Your goal | Please restate word for word the lines of the entries below from the one with "Crochet groundhog applique" to the one with "lent season,holy week", inclusive, and leave out every picture.

Dataset content |

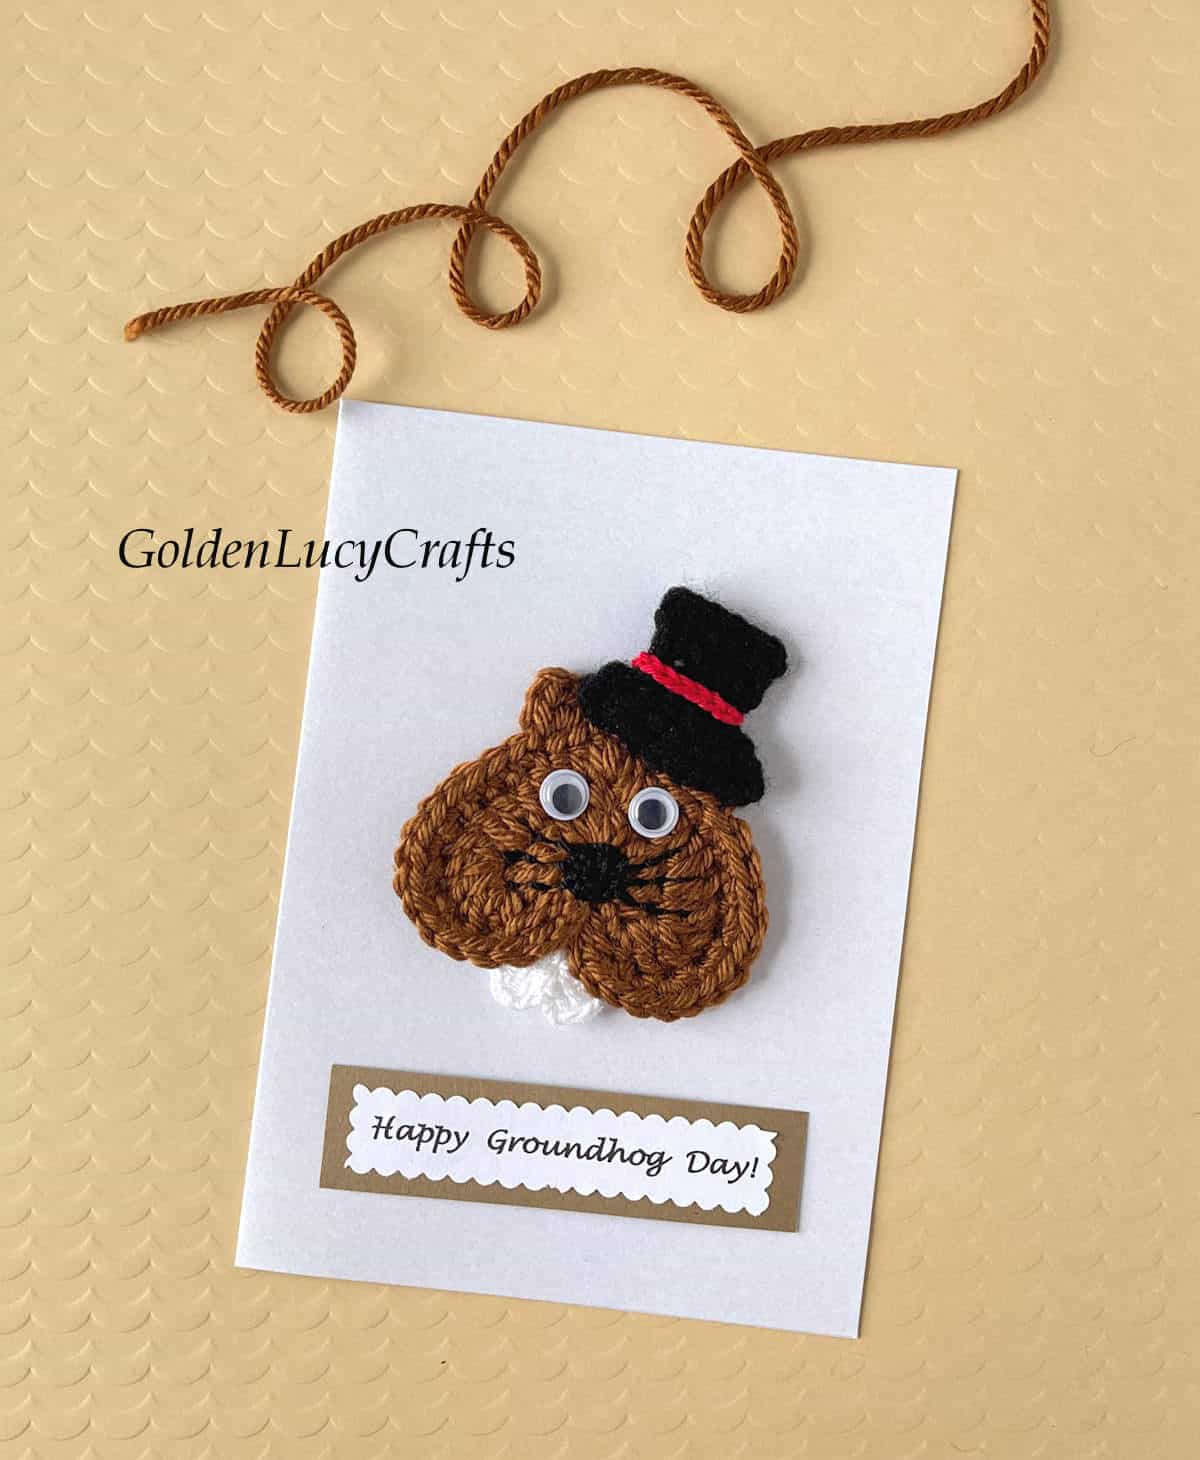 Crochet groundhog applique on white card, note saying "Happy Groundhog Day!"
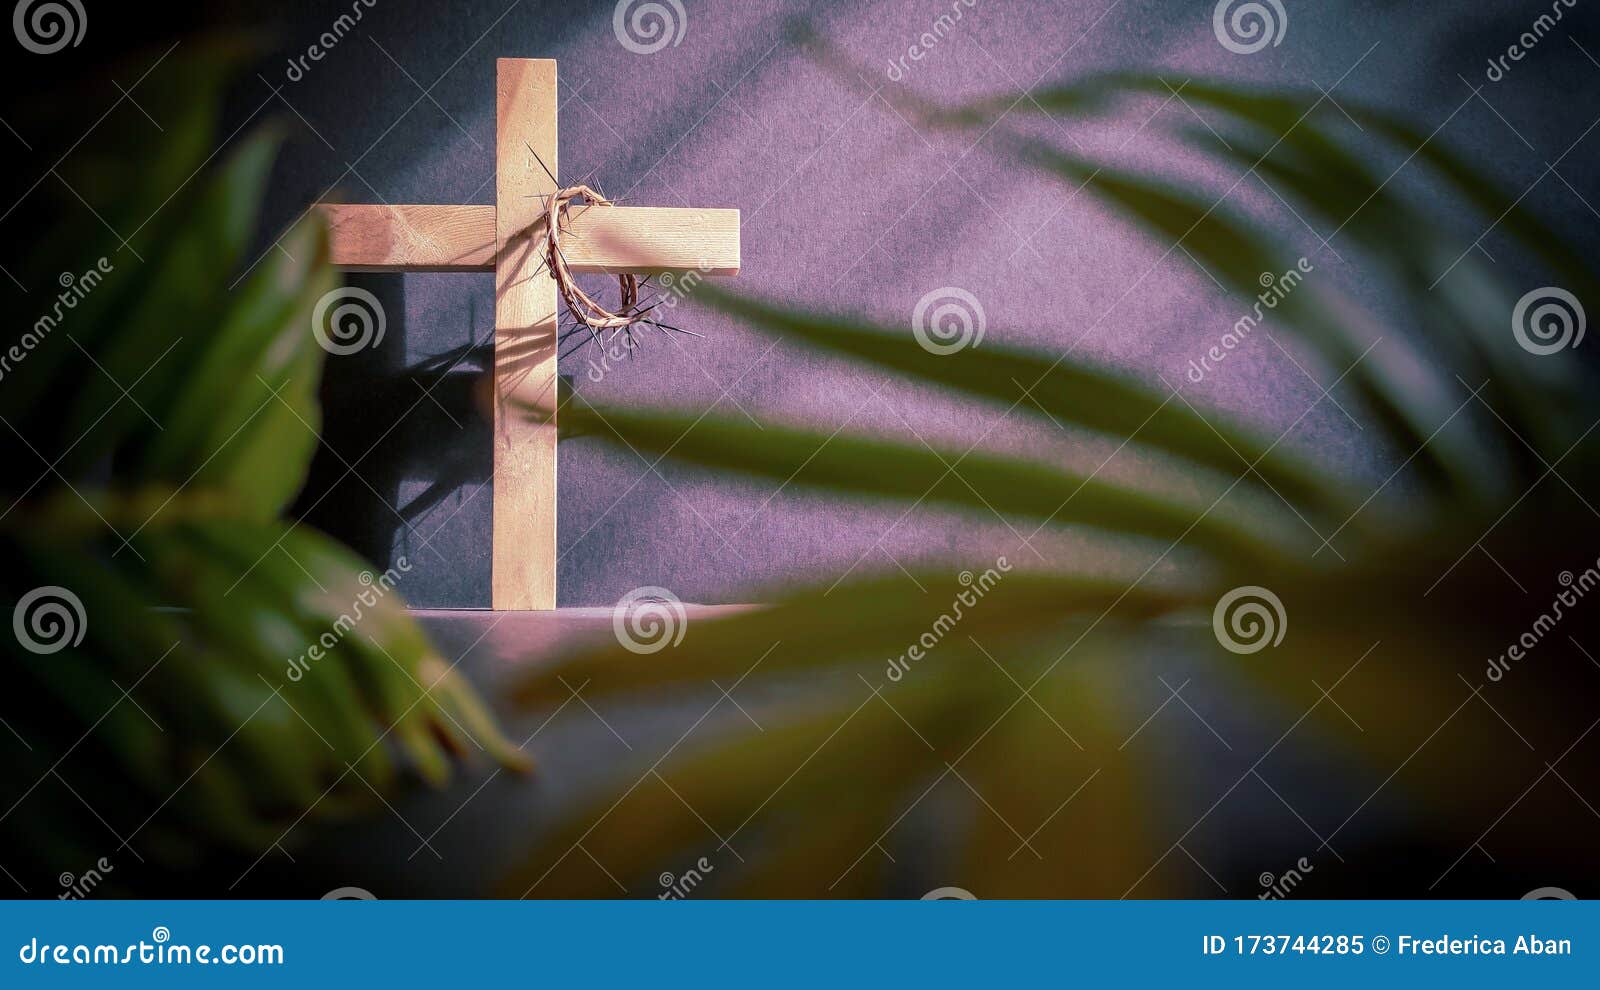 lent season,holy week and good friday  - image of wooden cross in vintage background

* * *

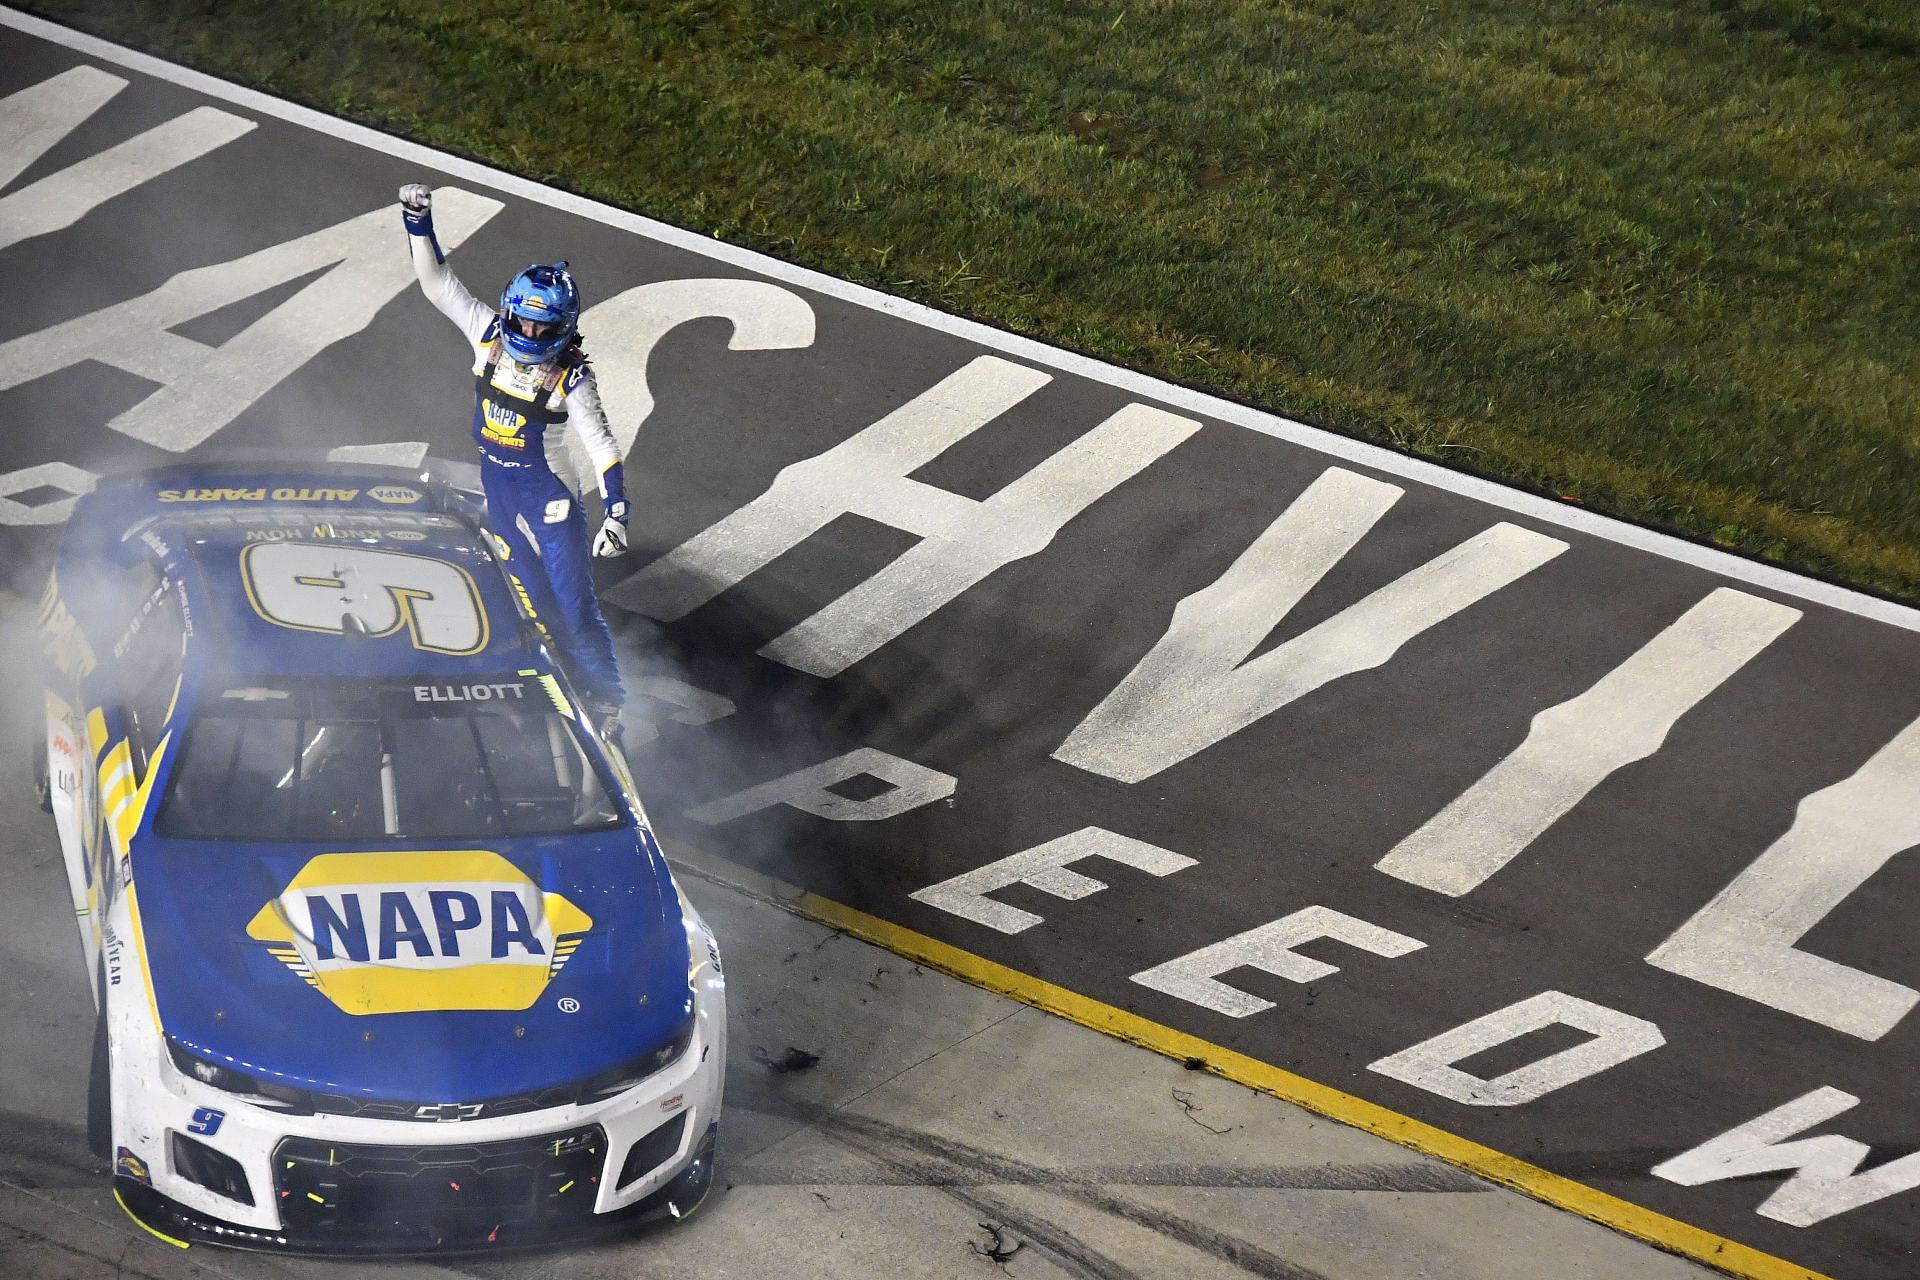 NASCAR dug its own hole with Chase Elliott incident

Final answer |
 Crochet groundhog applique on white card, note saying "Happy Groundhog Day!"
 lent season,holy week and good friday  - image of wooden cross in vintage background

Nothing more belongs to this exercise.